▶ _ACTION ITEM_: Repeat the listing below in full and exactly. Pictures are to be omitted.

▶ _THE DATA_:
####
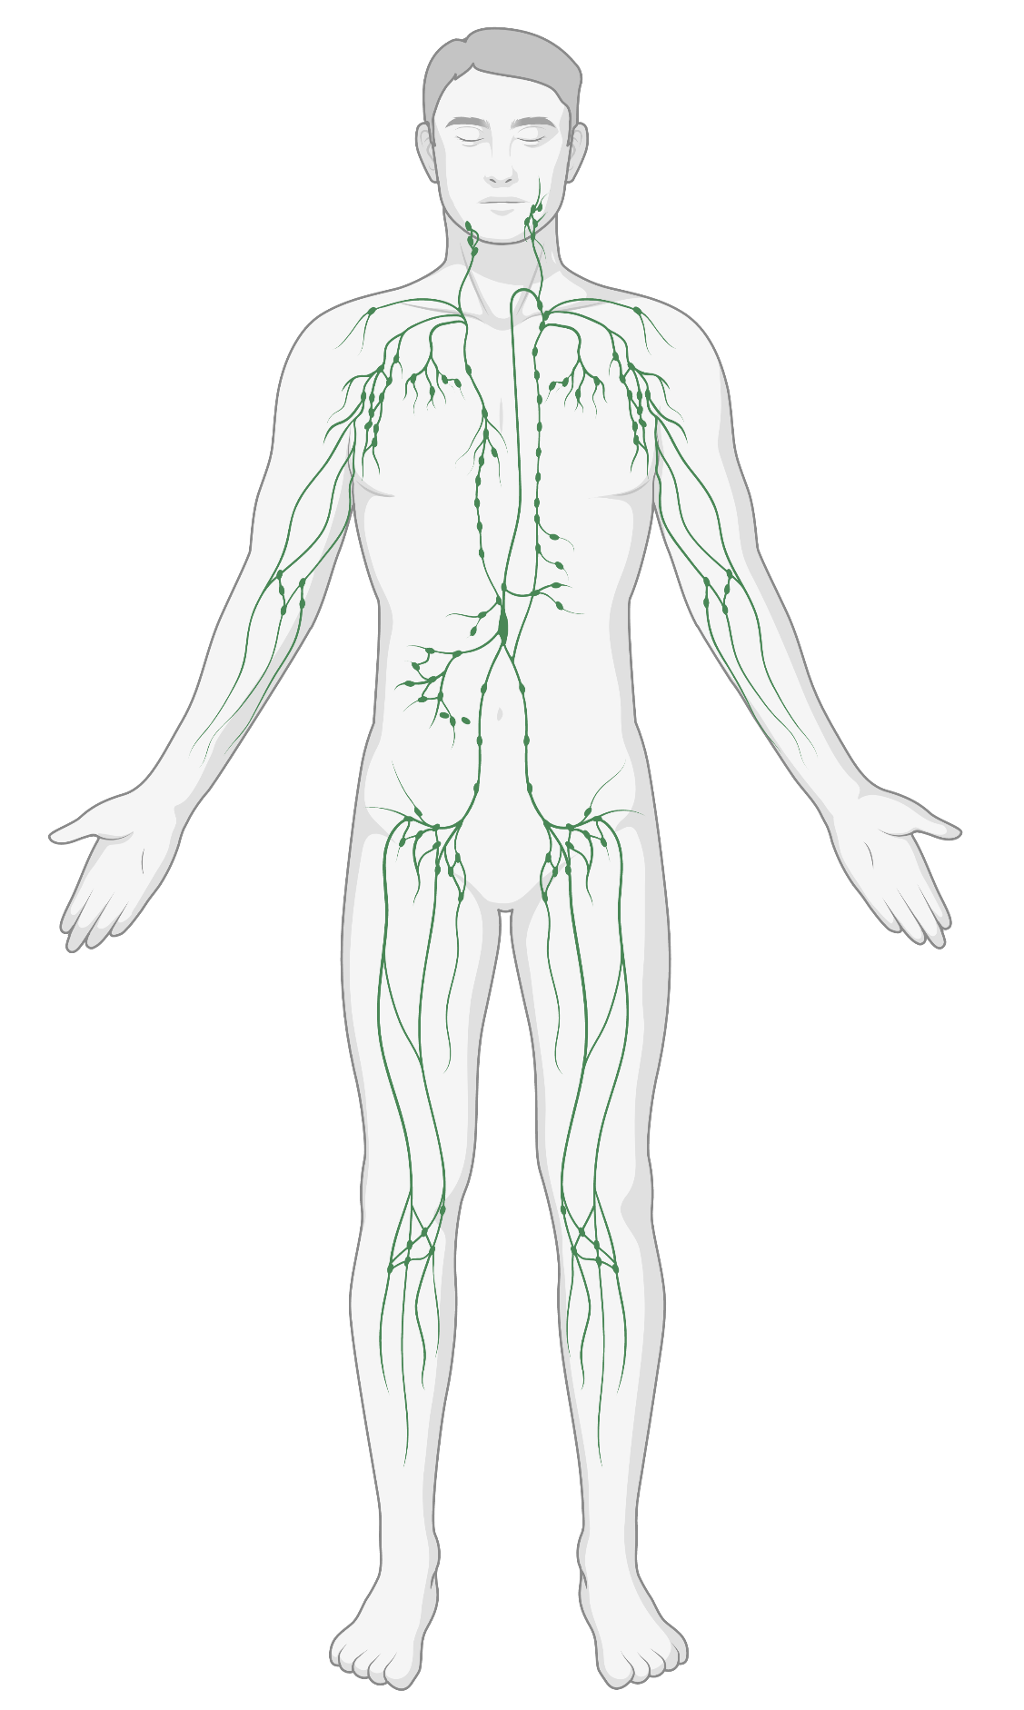 Utbredelsen av lymfesystemet i kroppen. Illustrasjon
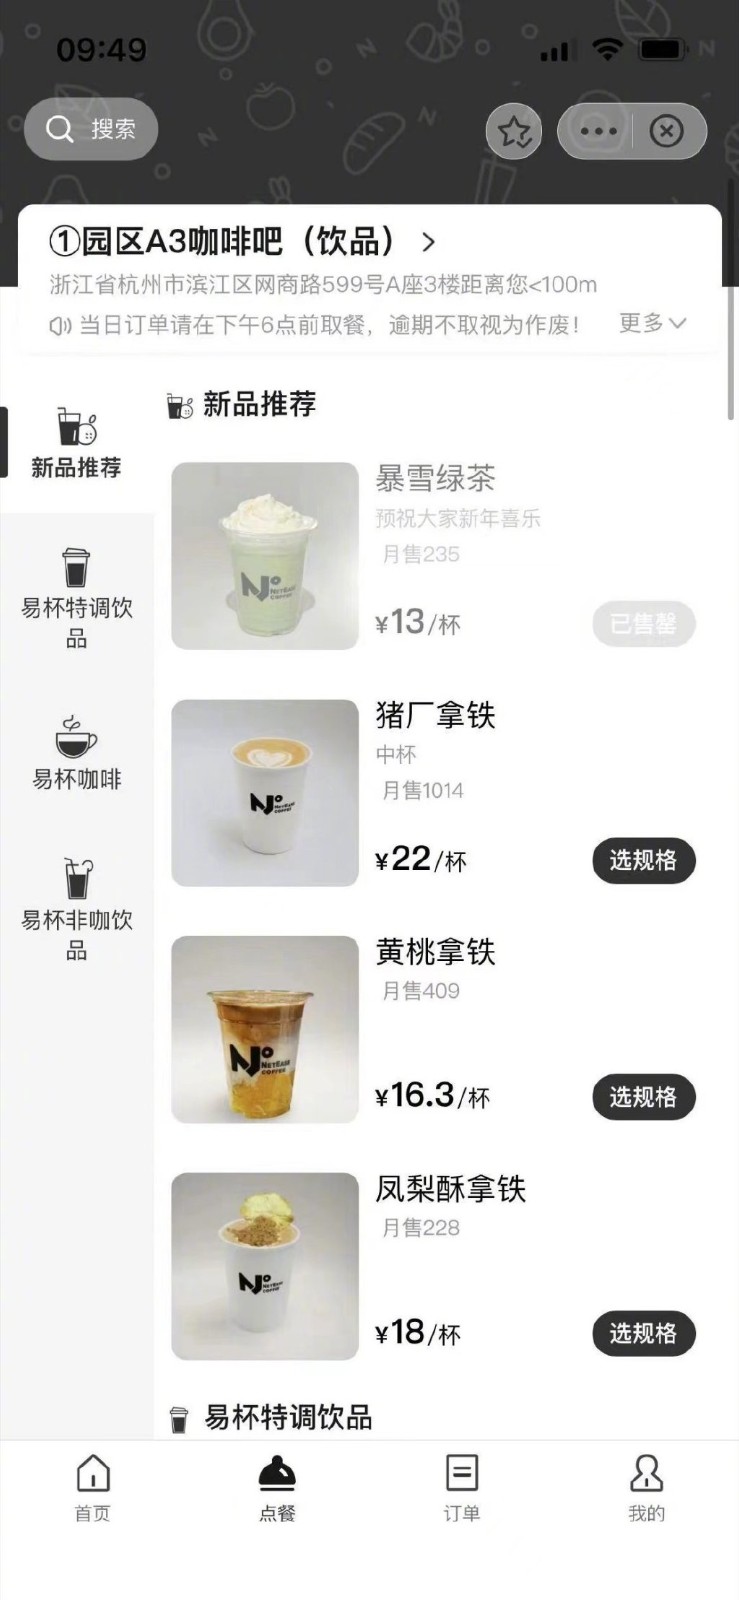 網傳網易咖啡廳推出“暴雪綠茶”飲品 訂單火爆已售罄
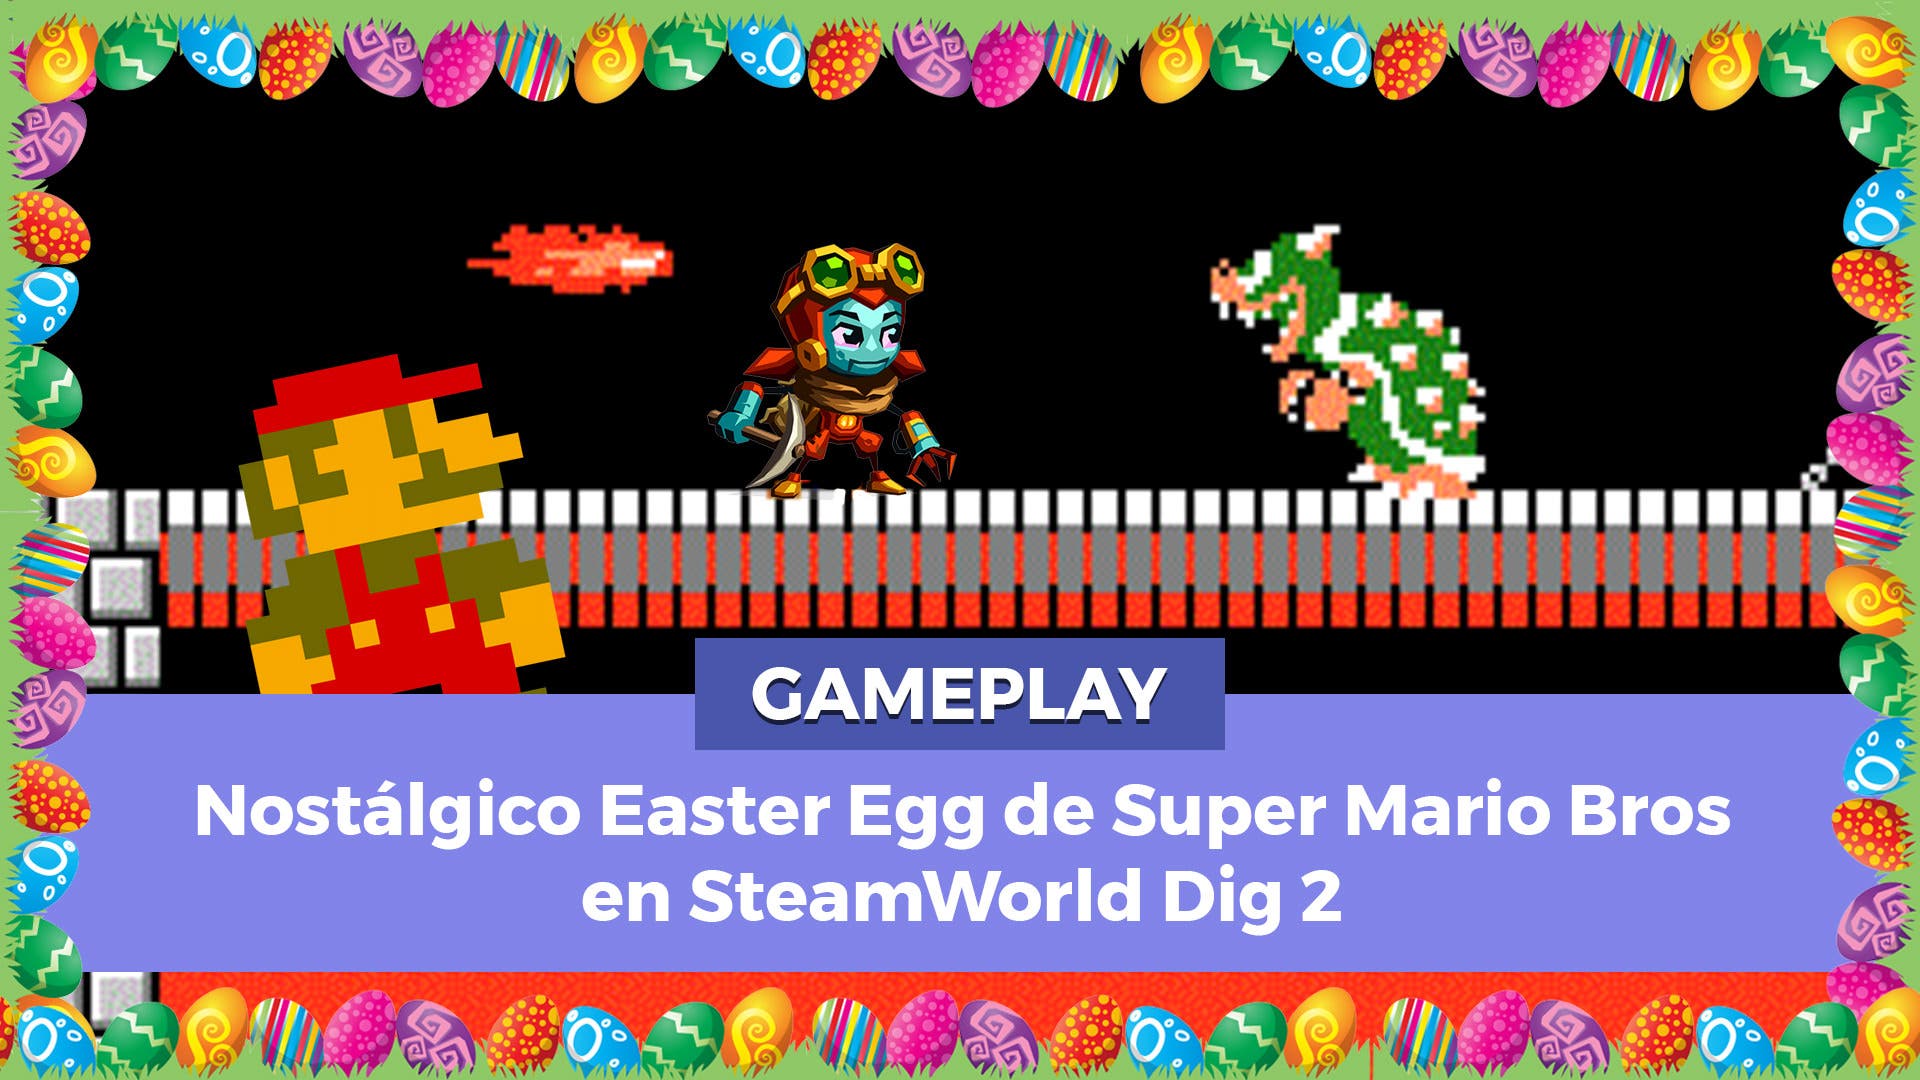 Nostálgico Easter Egg de Super Mario Bros en SteamWorld Dig 2
####
▶ _REPLY TO THE TASK_:
 Utbredelsen av lymfesystemet i kroppen. Illustrasjon
 網傳網易咖啡廳推出“暴雪綠茶”飲品 訂單火爆已售罄
 Nostálgico Easter Egg de Super Mario Bros en SteamWorld Dig 2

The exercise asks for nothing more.